Raised when a specific workflow step fails. Extends WorkflowError.

Extra Attribute Type Description
step_id str Identifier of the failed step
agent str \| None Agent that was executing the step

SchemaValidationError

Raised when a Pydantic model fails validation. Wraps pydantic.ValidationError with additional context.

Extra Attribute Type Description
model_name str Name of the model that failed validation
validation_errors list[dict] Pydantic error detail list

AdapterError

Raised for execution engine adapter failures (e.g., engine crash, unexpected engine output).


AdapterNotFoundError

Raised when an unknown adapter name is requested. Extends AdapterError.

Extra Attribute Type Description
adapter_name str The unrecognised adapter key
available_adapters list[str] Adapters currently registered

ToolError

Raised when a built-in tool invocation fails (permission denied, execution error, timeout).
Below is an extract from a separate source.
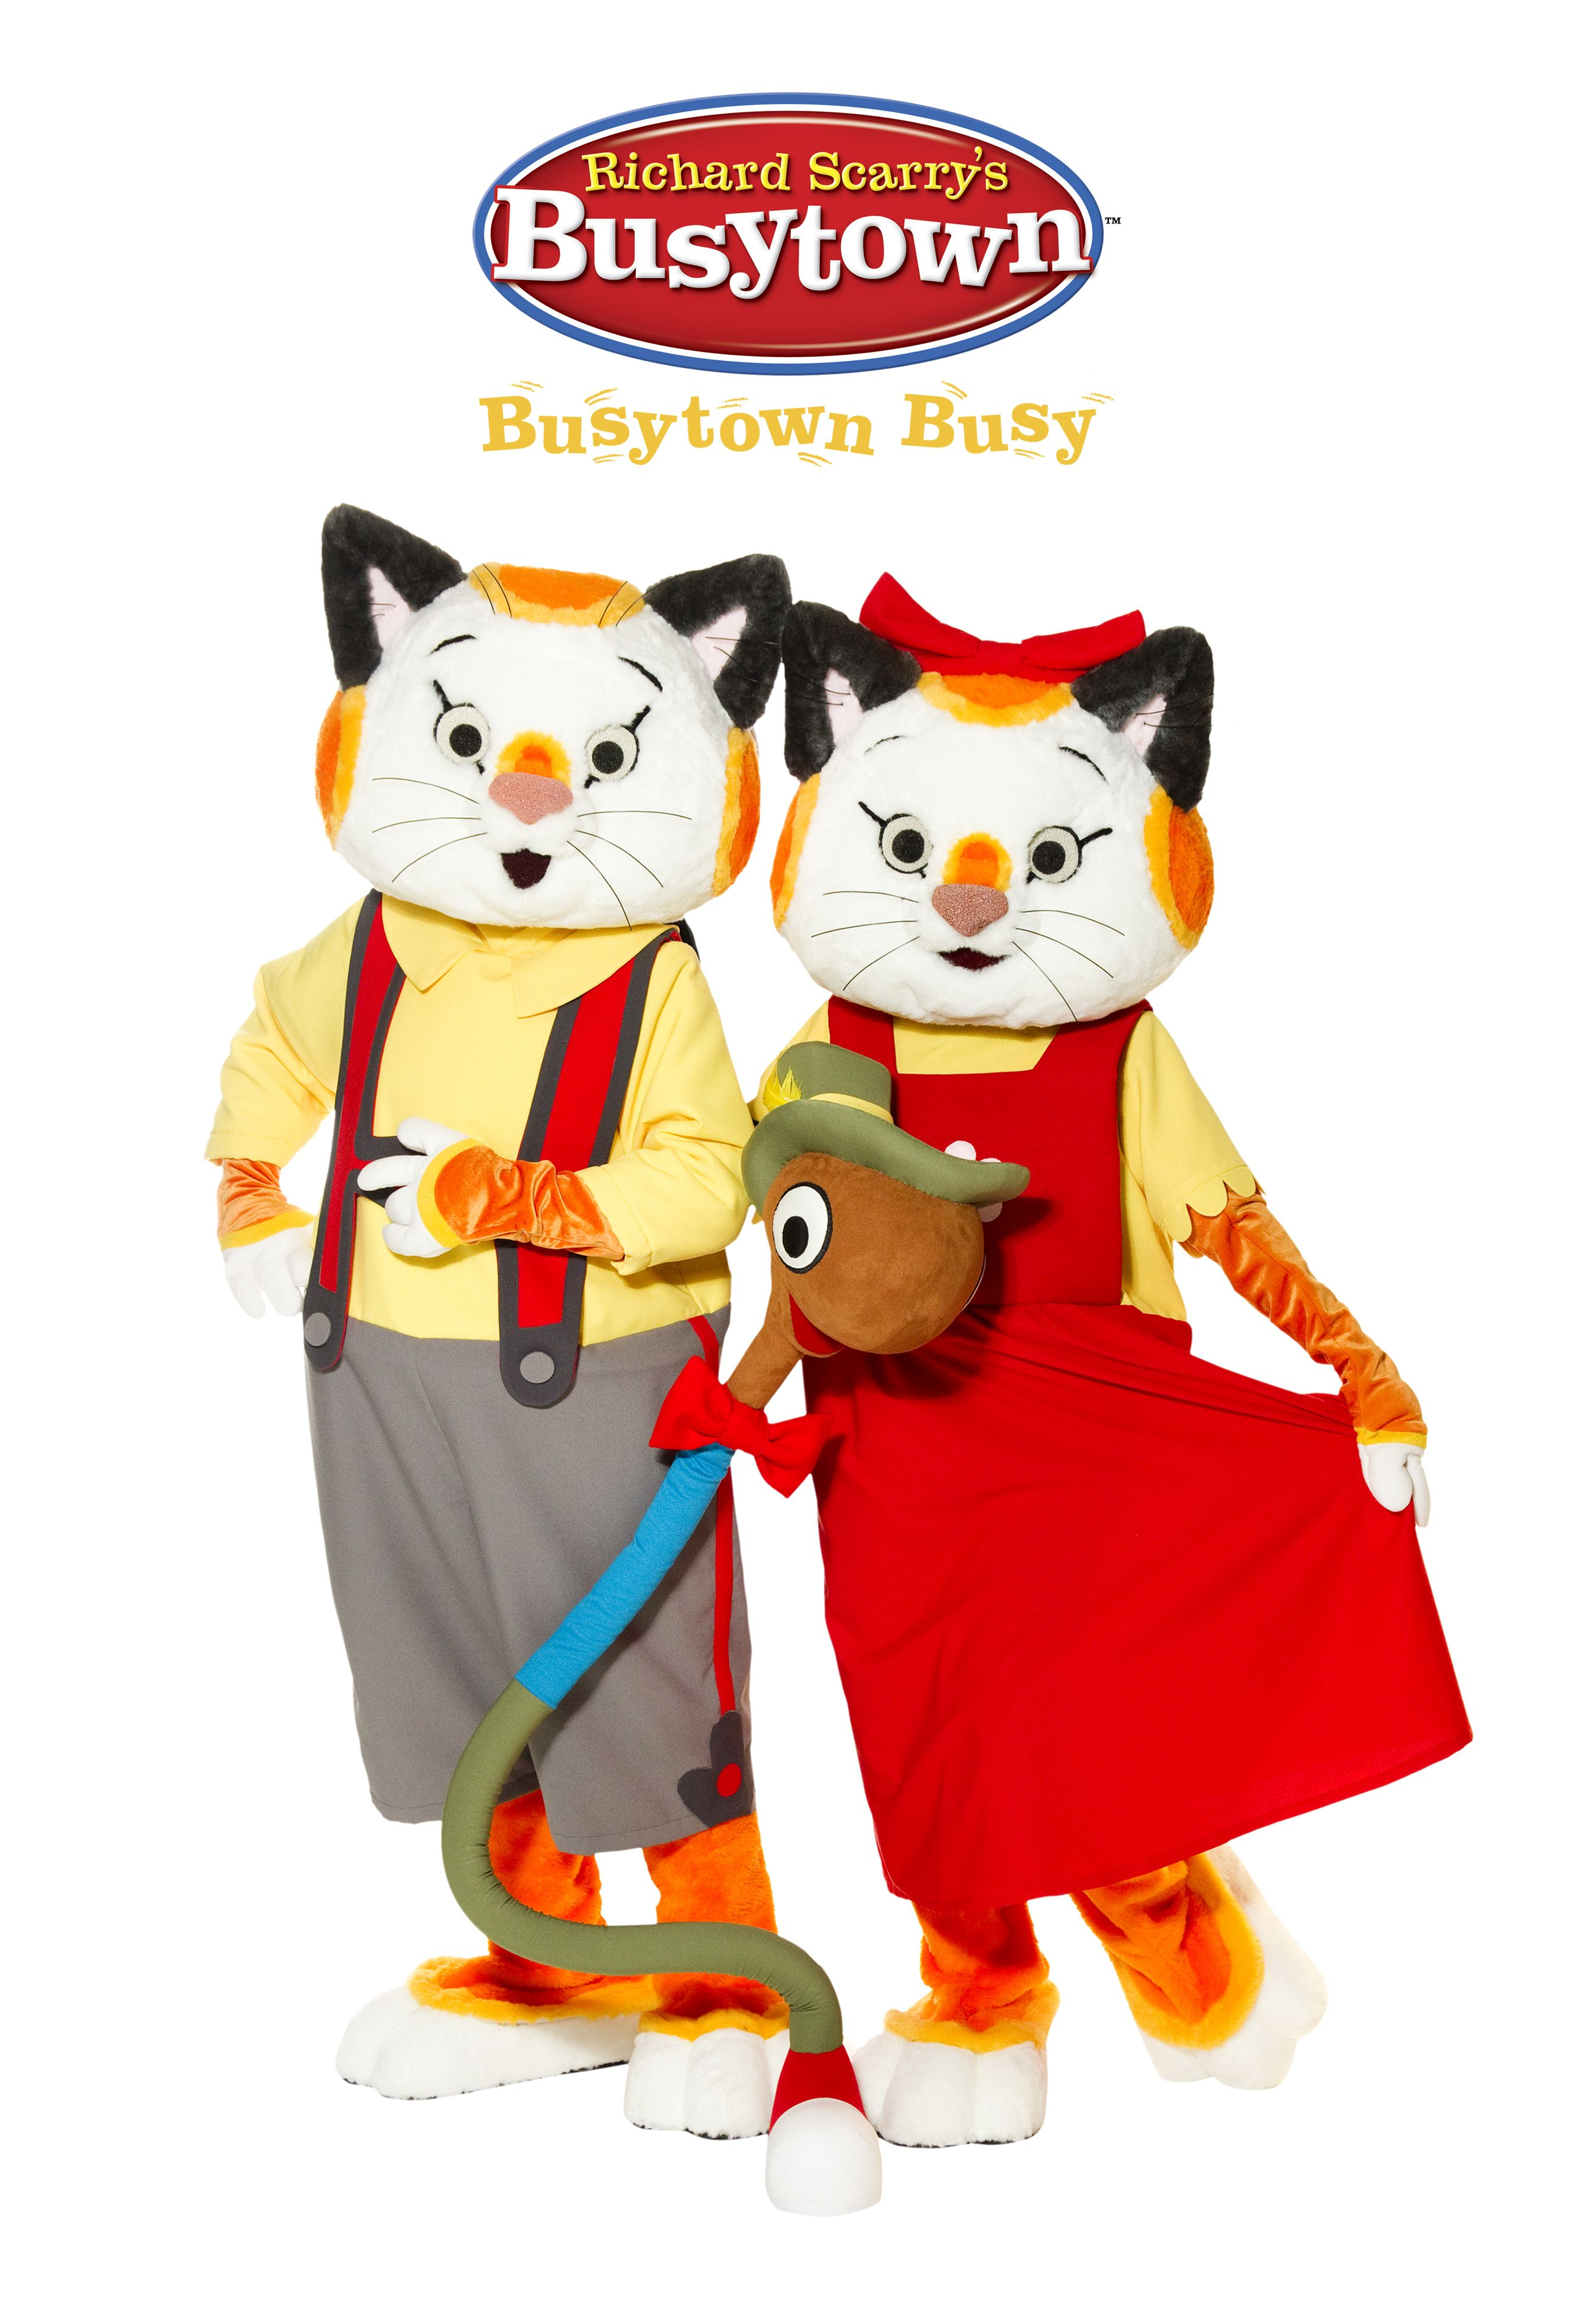 RichardScarry Busytown Live KobaEntertainment Cats
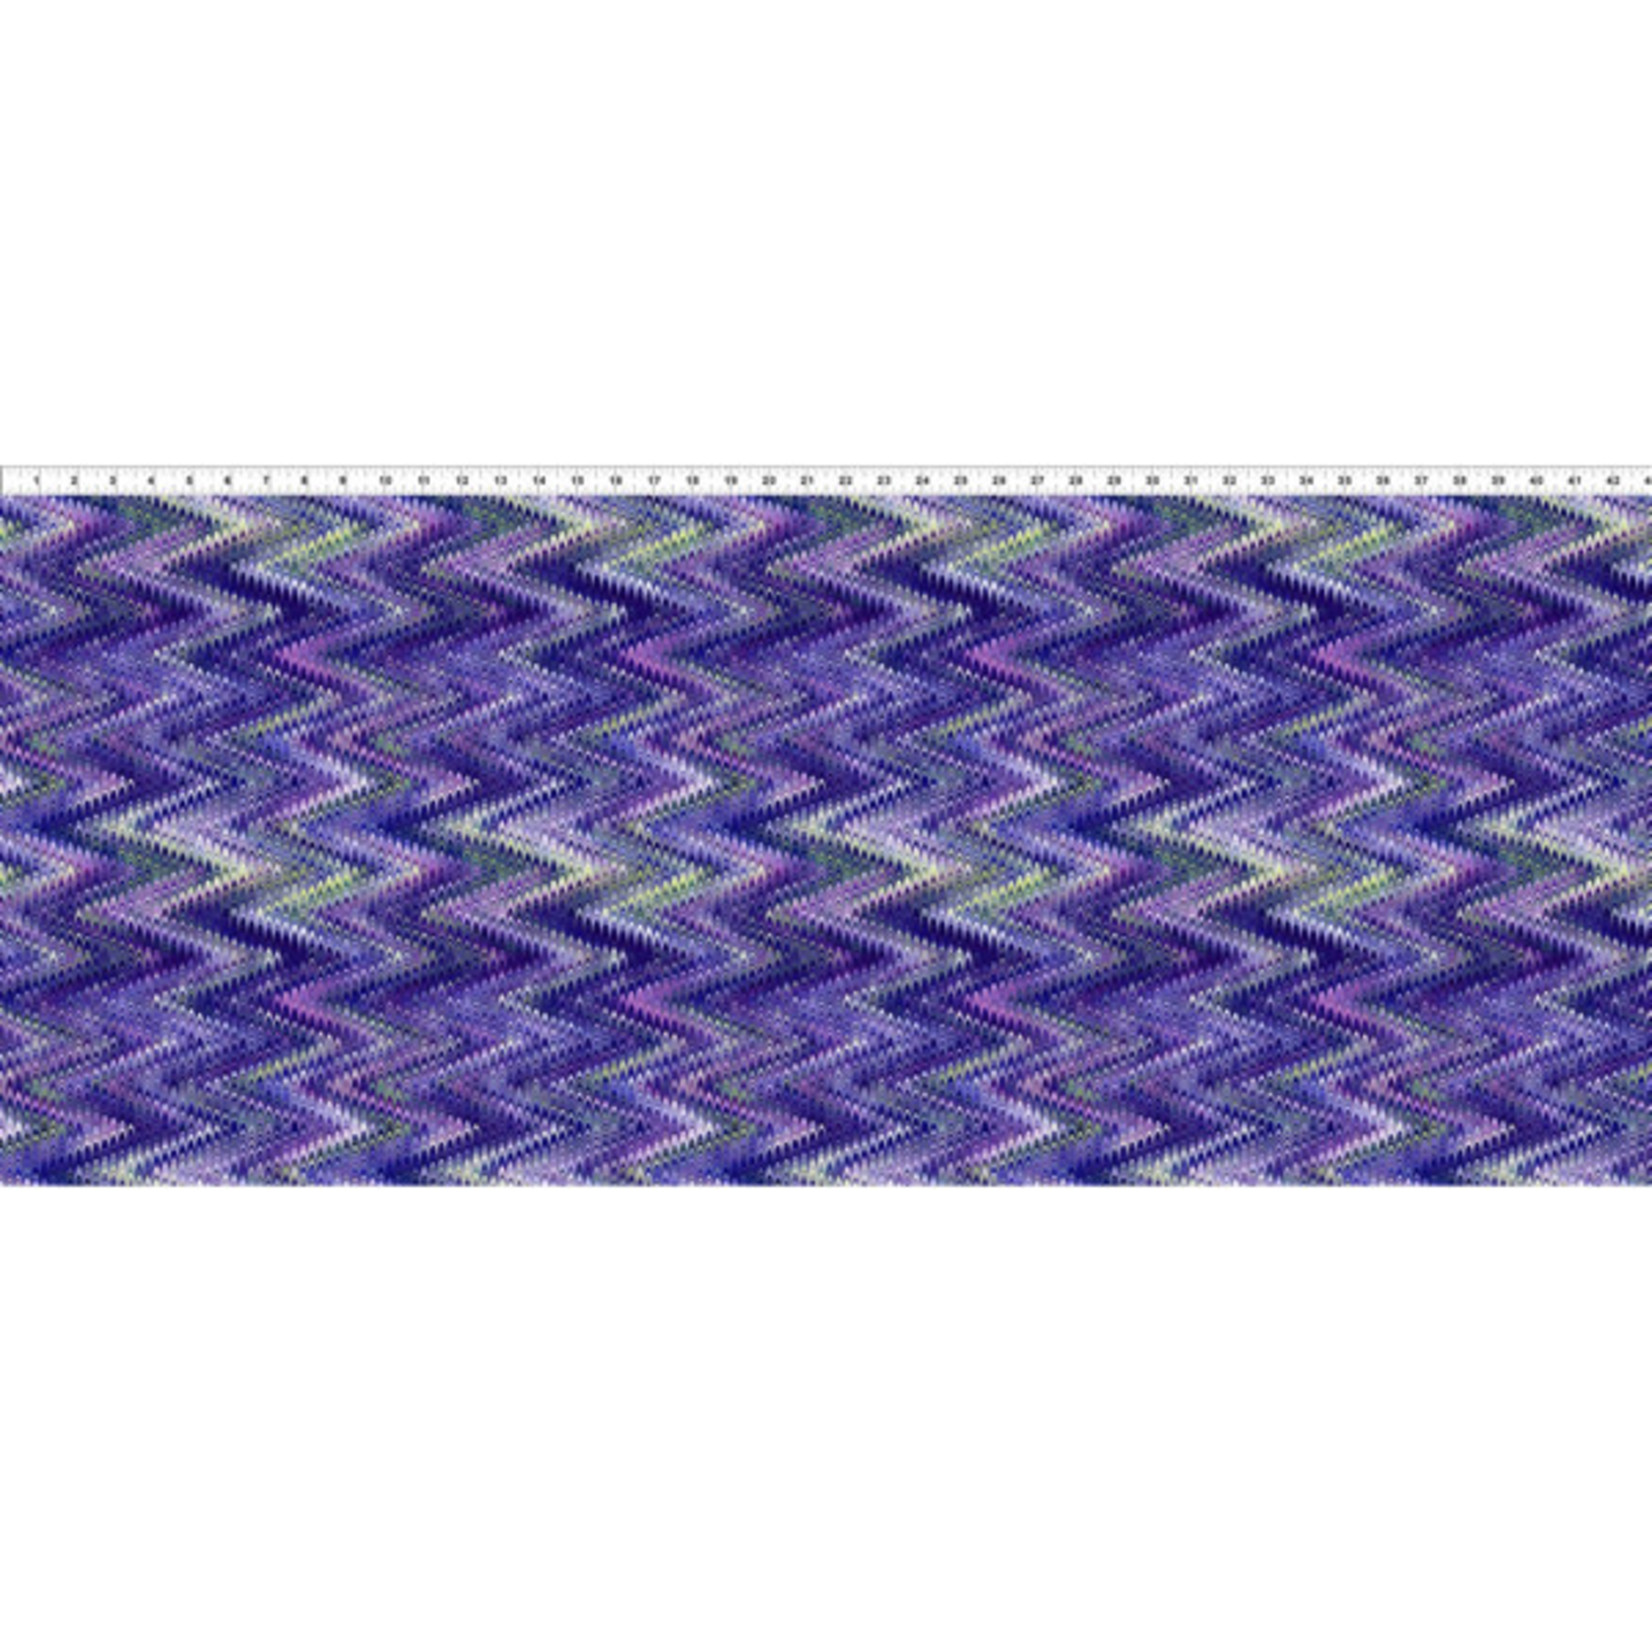 In the Beginning Fabrics Marble Essence - Torino - Purple

Extra Attribute Type Description
tool_name str Name of the failing tool
operation str \| None Specific operation attempted

MemoryStoreError

Raised when a memory store operation fails (I/O error, serialisation failure).


ConfigurationError

Raised at startup when required environment variables are missing or configuration files are invalid. Intended to fail fast before any work is attempted.


Pydantic v2 Usage Notes

This codebase uses Pydantic v2 throughout. Key differences from v1 that affect model usage:

v1 Pattern v2 Replacement
.dict() .model_dump()
.parse_obj(data) Model.model_validate(data)
.parse_raw(json_str) Model.model_validate_json(json_str)
.schema() Model.model_json_schema()
validator decorator @field_validator / @model_validator
Config inner class model_config = ConfigDict(...)

Frozen models (frozen=True in model_config) are used for contracts that must be immutable after construction, specifically SanitizationResult and VerificationPolicy. These models are hashable and safe to use as dictionary keys or in sets.